Бабушка поспешно встала и почти бегом побежала в комнату миссис Парриш.
Глава двенадцатая
В начале августа сравнительный порядок был восстановлен в Тянцзине и его окрестностях. Китайские беженцы начали возвращаться из иностранных концессий в свой китайский город. Они топтались на пепелищах, среди развалин, пытаясь что-то восстановить, что-то построить. Армия Спасения выдавала все меньше риса. Поезда приходили в Тянцзин и отбывали оттуда. Начала работать и почта. В районе города появлялось все больше и больше японцев. Строились укрепления и аэродромы. Как лавина, откуда-то надвигалось огромное количество японской военной амуниции. С характерным для них топотом японские войска маршировали куда-то в южную сторону, оставляя город.

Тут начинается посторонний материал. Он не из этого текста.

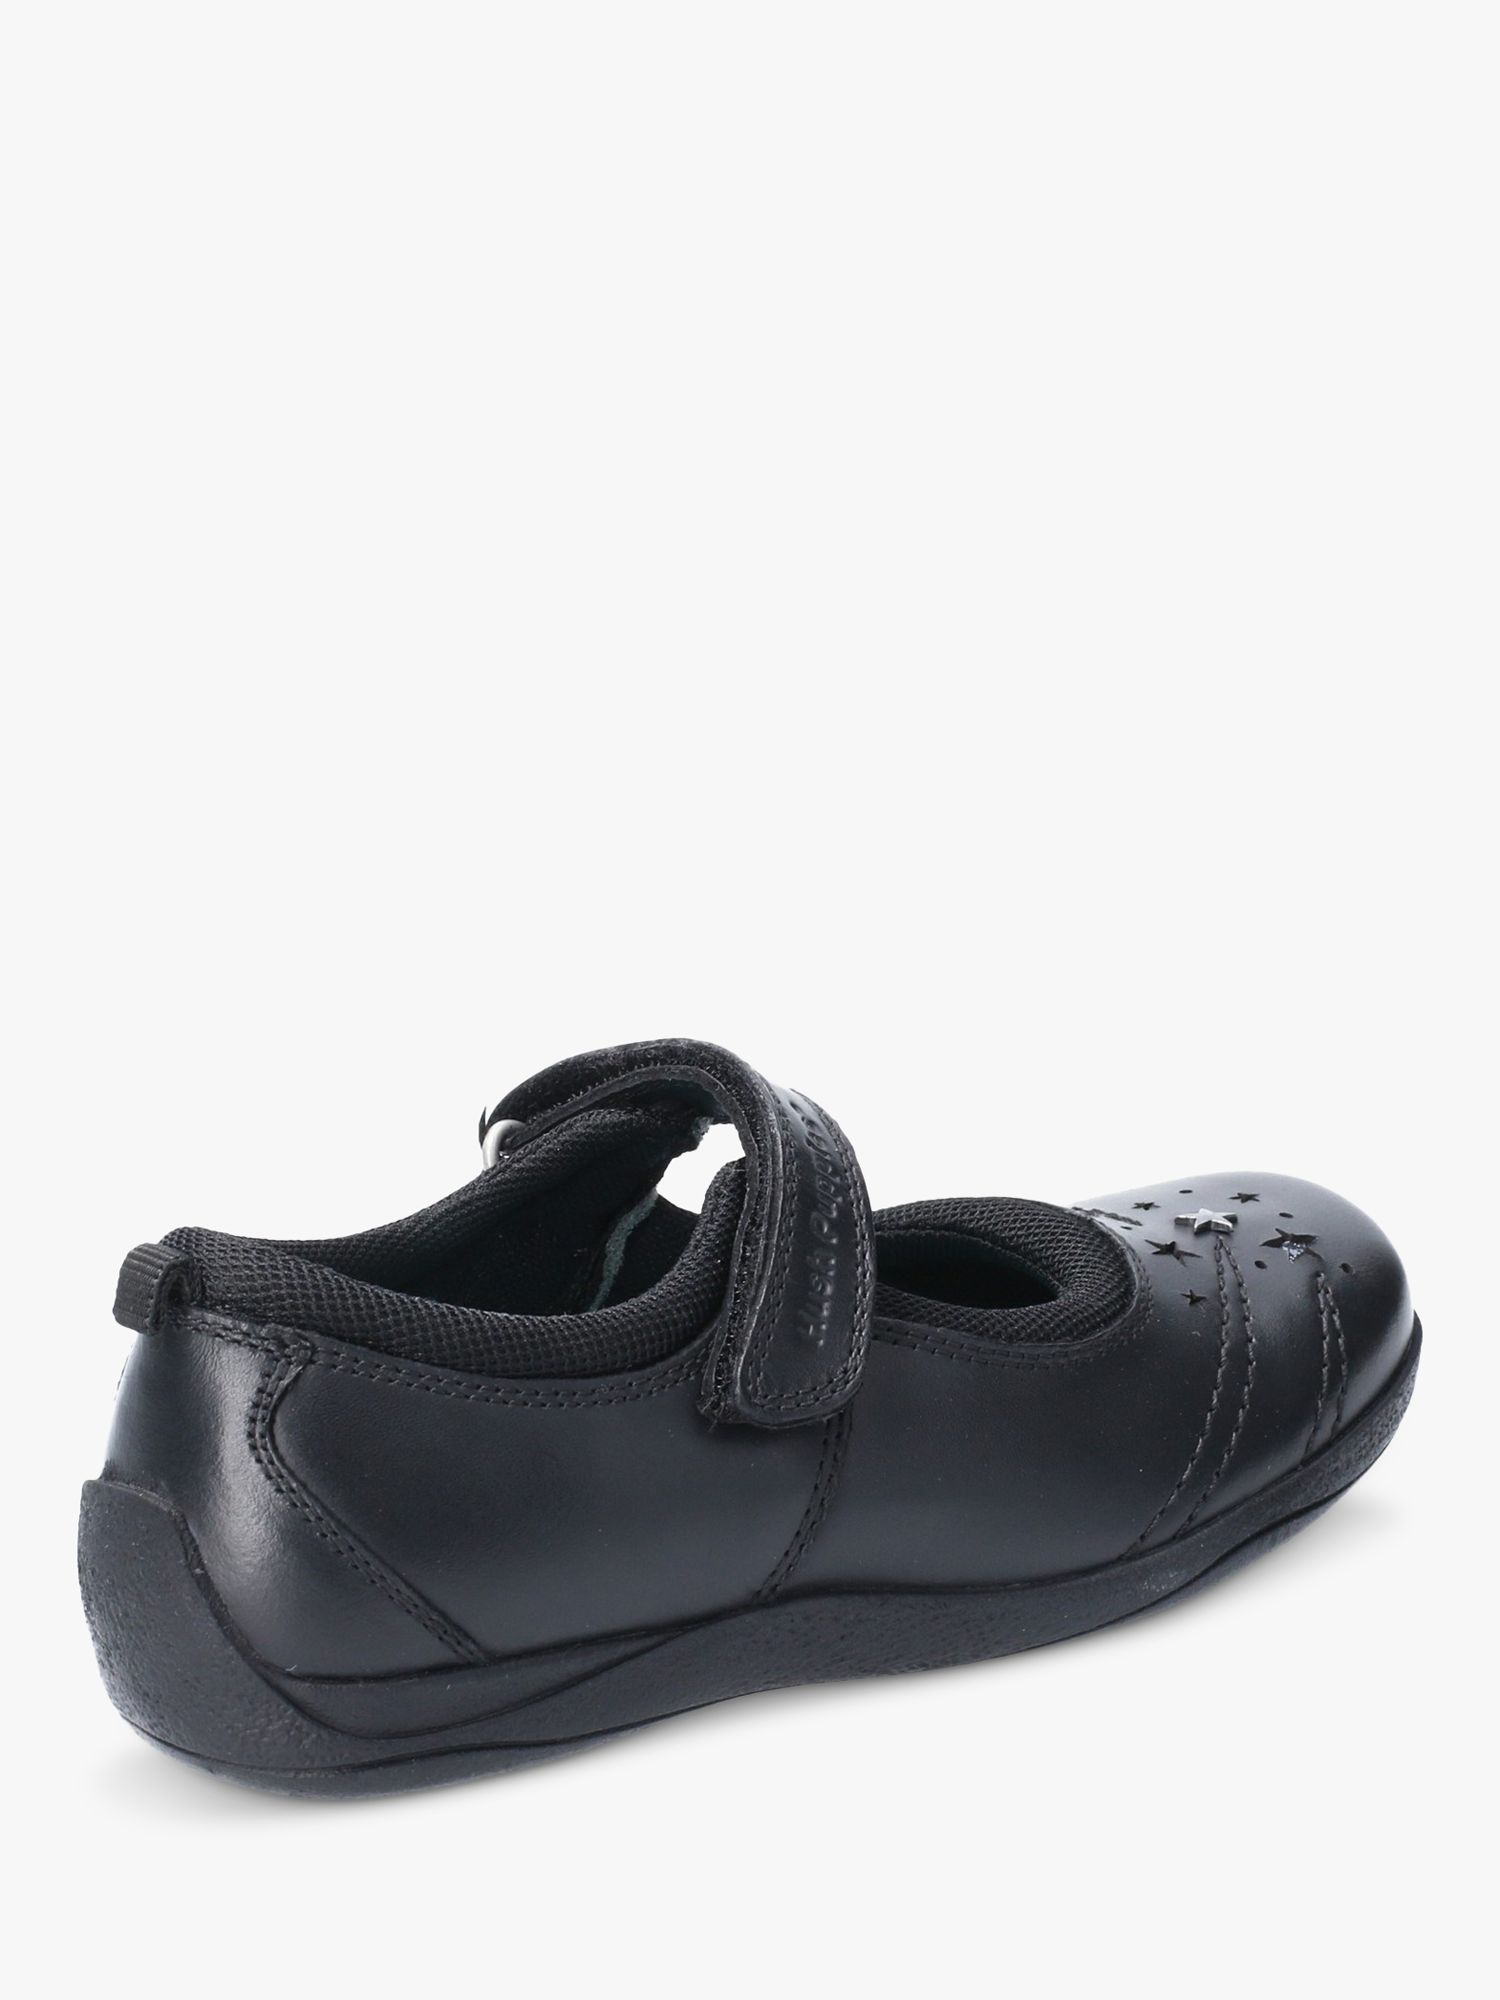 Hush Puppies Kids' Amber Junior Leather Mary Jane Shoes, Black, 10 Jnr

Только четыре японца вернулись в пансион № 11. Они кланялись, улыбались и спрашивали всех о здоровье. О пятом не было сказано ни слова. Они все вчетвером увели куда-то старую японскую леди, которая едва двигала ногами, но все же тоже кланялась. Только три японца вернулись затем, чтобы жить в доме. Они еще раз спросили – все разом – о здоровье и, в благодарность за заботы о старой леди, подарили Бабушке большую коробку бисквитов Meijii и шелковый носовой платок. И на коробке, и на платке была изображена прекрасная Fudji-Yama.
Семья Кана на черном дворе убавилась до четырех. Мистер Сун сделался безработным, потому что китайский университет, где он читал лекции, был разрушен японцами.
За счет трех японских джентльменов в доме было установлено радио. Оно внесло поток звуков. Domei-dispatch ежедневно заявлял о блестящих японских победах. Гремела странная музыка и какое-то нечеловеческое гортанное пение хором. Кто пел и по какому поводу? Была ли это радость победы или похоронное пение? Как оно было загадочно и странно для европейского уха! Гремели речи от новых японских правительственных органов; голоса негодования и воззвание о помощи – «ко всем!» – от раненого Китая. Слышно было Гитлера, глас сверхчеловека из Берлина, и восхитительная музыка из Grand Opera и La Scala. И все это говорило о том, что нет единения в человечестве, что различны интересы классов и наций, что больше и больше дробилась прежними веками выкованная христианская и нехристианская мораль и что нет выхода, нет никому оправдания и всем грозит гибель.
И пока наслаждались японцы своим новым радио, ужасалась Бабушка: без радио она не знала, как страшен стал внешний мир.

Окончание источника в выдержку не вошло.